Research output: Contribution to journalArticlepeer-review

34 Scopus citations

Abstract

Dominant mutations of transmembrane channel-like gene 1 (TMC1) cause progressive sensorineural hearing loss in humans and Beethoven (Tmc1 Bth/+) mice. Here we show that Tmc1Bth/+ mice on a C3HeB/FeJ strain background have selective degeneration of inner hair cells while outer hair cells remain structurally and functionally intact. Inner hair cells primarily function as afferent sensory cells, whereas outer hair cells are electromotile amplifiers of auditory stimuli that can be functionally assessed by distortion product otoacoustic emission (DPOAE) analysis. When C3H-Tmc1 Bth/Bth is crossed with either C57BL/6J or DBA/2J wild-type mice, F1 hybrid Tmc1Bth/+ progeny have increased hearing loss associated with increased degeneration of outer hair cells and diminution of DPOAE amplitudes but no difference in degeneration of inner hair cells.

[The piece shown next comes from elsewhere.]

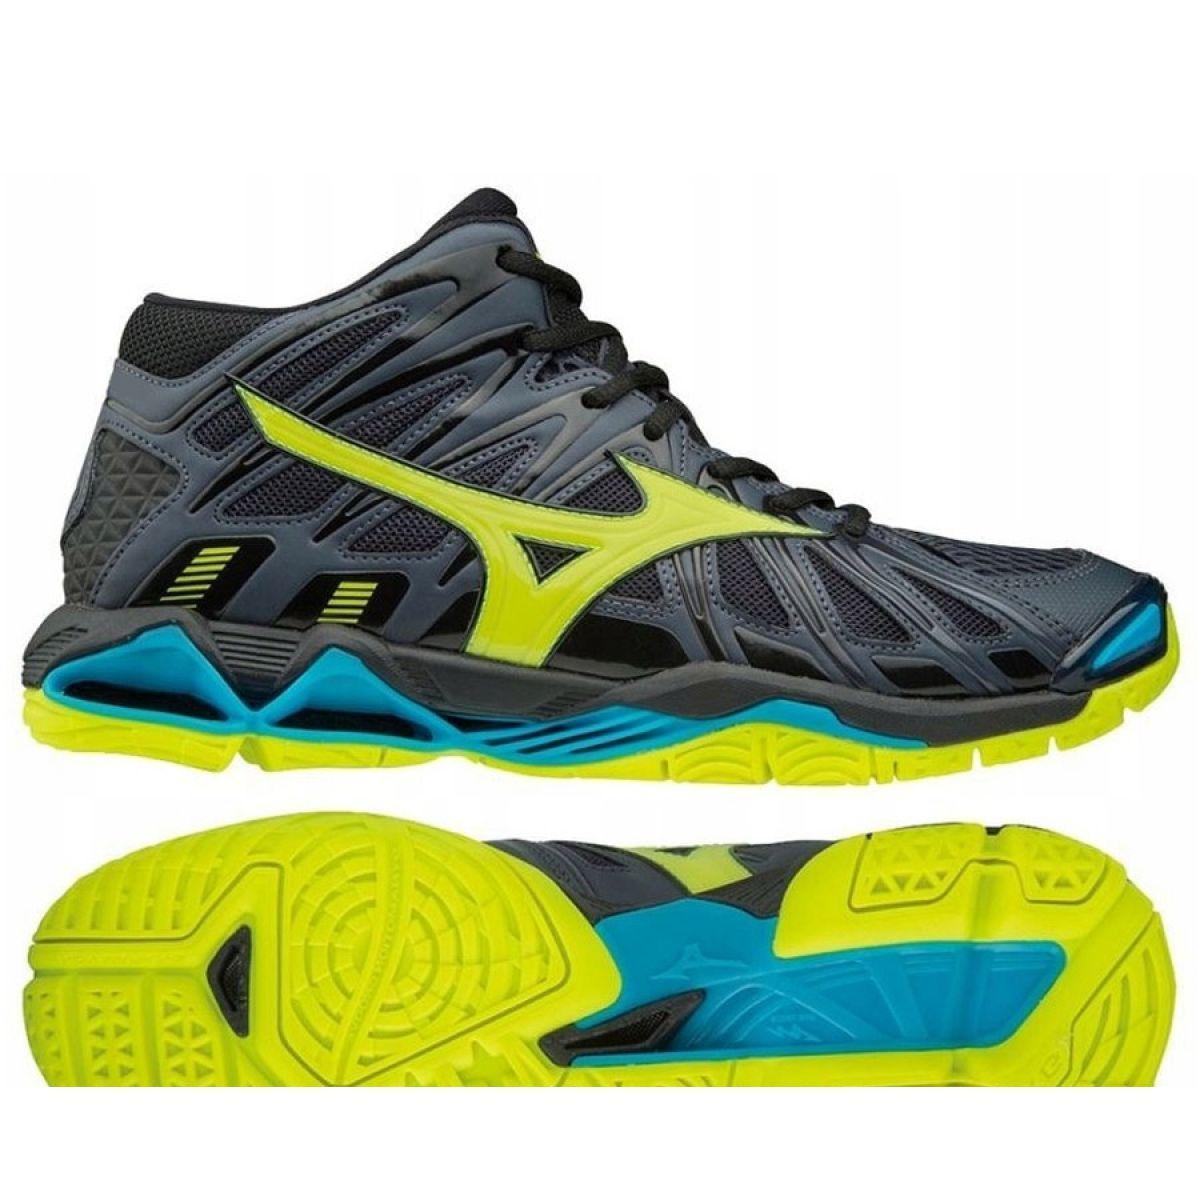 Buty Do Siatkowki Mizuno Wave Tornado X2 Mid M V1ga181747 Szare Czarne Volleyball Shoes Mizuno Shoes Mizuno

We mapped at least one quantitative trait locus (QTL), Tmc1m1, for DPOAE amplitude on chromosome 2 in [(C/B)F1 X C]N2-Tmc1Bth/+ backcross progeny, and three other QTL on chromosomes 11 (Tmc1m2), 12 (Tmc1m3), and 5 (Tmc1m4) in [(C/D)F1 X C]N2-Tmc1Bth/+ progeny. The polygenic basis of outer hair cell degeneration in Beethoven mice provides a model system for the dissection of common, complex hearing loss phenotypes, such as presbycusis, that involve outer hair cell degeneration in humans.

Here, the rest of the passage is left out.